SOURCE: Industrial Info Resources

Industrial Info Resources

March 14, 2011 13:46 ET

Updates for Fukushima Daiichi, Daini Nuclear Power Stations, an Industrial Info News Alert

TOKYO--(Marketwire - March 14, 2011) -  Researched by Industrial Info Resources (Sugar Land, Texas)--As of 7:00 a.m. JST Monday, March 14, several changes had taken place at Fukushima Daiichi nuclear power station, which is owned and operated by Tokyo Electric Power Company Incorporated (TYO:9501) (TEPCO) (Tokyo, Japan). At 3:00 a.m. JST, TEPCO began a cooling strategy at Unit 3 by introducing fresh water into the reactor housing. This caused a severe spike in pressure, and all personnel were forced to evacuate. Pressure gradually resumed its former high level and personnel were allowed to re-enter the complex. TEPCO resumed cooling attempts afterward. The high pressure within the reactor housing is currently preventing the cooling system from working effectively.

At 11:01 a.m., two consecutive hydrogen explosions occurred at Unit 3. TEPCO and Fukushima prefectural authorities determined that the reactor vessel had not been compromised, and any released material was moving north, away from land.

Unit 3 is one of several reactors in Japan that is currently using mixed oxide fuel, or MOX, which is part of a program to recycle used nuclear fuel. At this time, TEPCO cannot determine whether the MOX fuel is associated with the inability to control pressure and cooling at Unit 3.

As of 11:00 a.m. JST Monday, March 14, no significant changes had taken place at Fukushima Daiichi Unit 1. The reactor housing was lost in Saturday's hydrogen explosion, and attempts at reducing pressure are ongoing.

At Fukushima Daini Unit 1, TEPCO had successfully replaced the motor for the cooling system's pump and began the introduction of seawater into the reactor housing as of 1:24 a.m. JST Monday, March 14. TEPCO has also successfully restored Unit 2's cooling system, and if everything progresses according to plan, Unit 2 will reach temperature stability by the end of Monday.

On Saturday, at 11:00 p.m.
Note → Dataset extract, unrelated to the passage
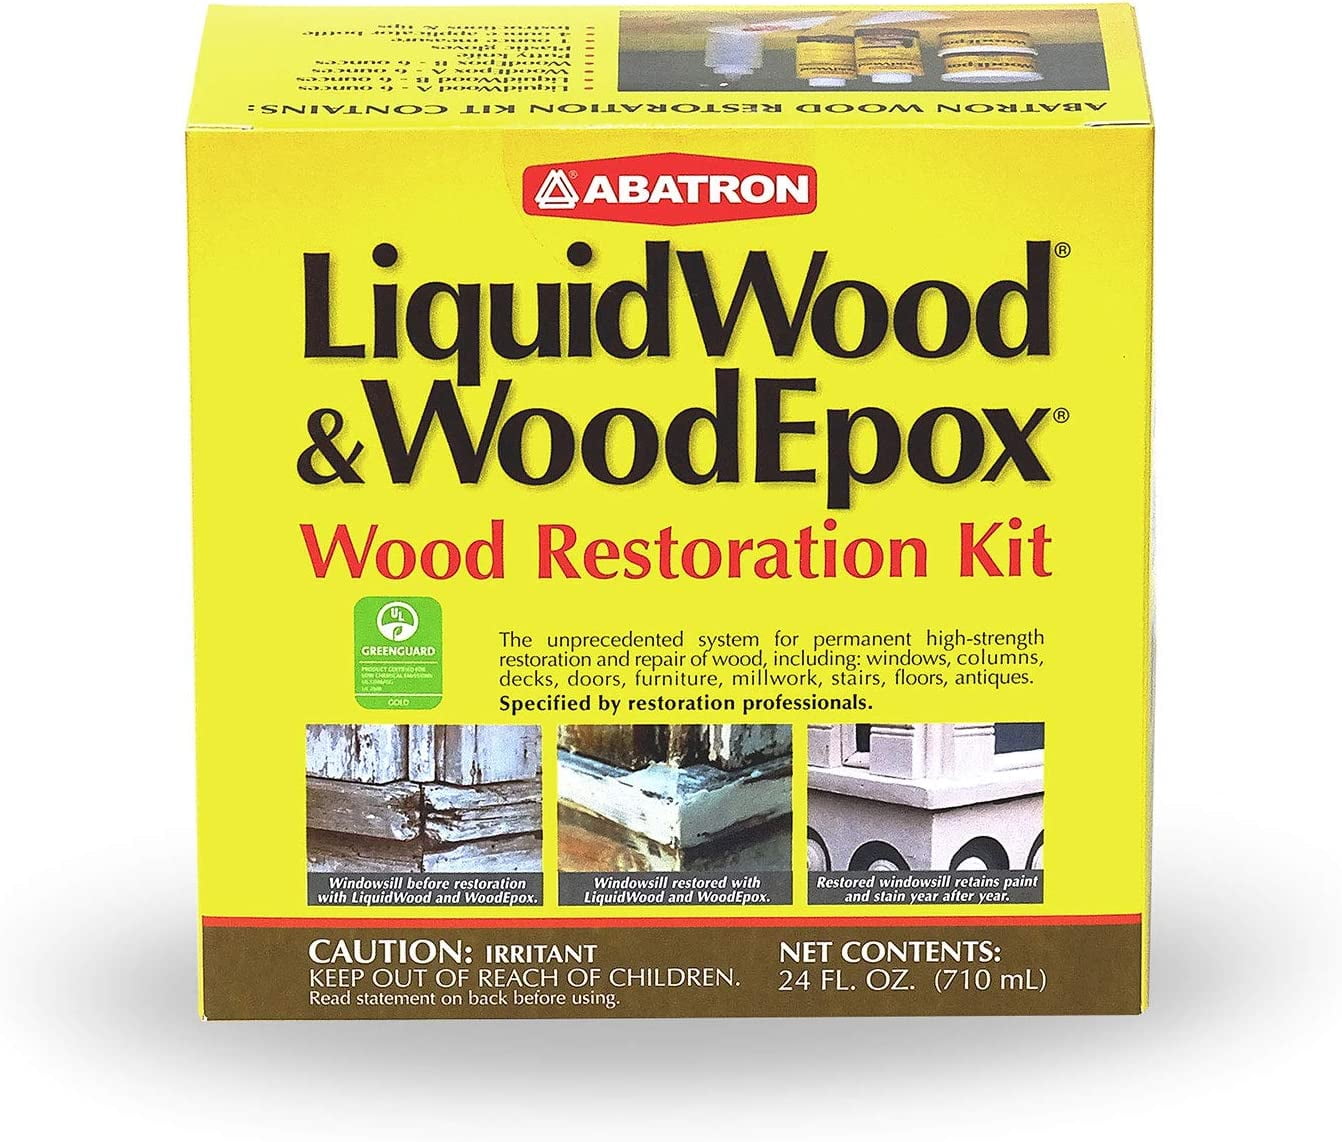  Abatron LiquidWood Kit - 12 Ounce - 2-Part Structural Wood  Epoxy Resin - Wood Hardener and Consolidant - Perfect Primer for WoodEpox Epoxy  Wood Filler : Health & Household

JST, radiation levels spiked at Onagawa nuclear power station, which is owned and operated by Tohoku Electric Power Company Incorporated (TYO:9506 ) (Tokuden) (Sendai, Japan). Onagawa, which has an operating capacity of 2,174 megawatts, had shut down safely following Friday's earthquake, and Tokuden authorities determined that the radiation, measured at 21 micro Sieverts, did not originate at Onagawa. Tokuden believes that the radiation originated from Fukushima Daiichi Unit 1, following the hydrogen explosion at the unit on Saturday.

All reactors at Fukushima Daiichi, Fukushima Daini, and Onagawa are light water boiling water reactors.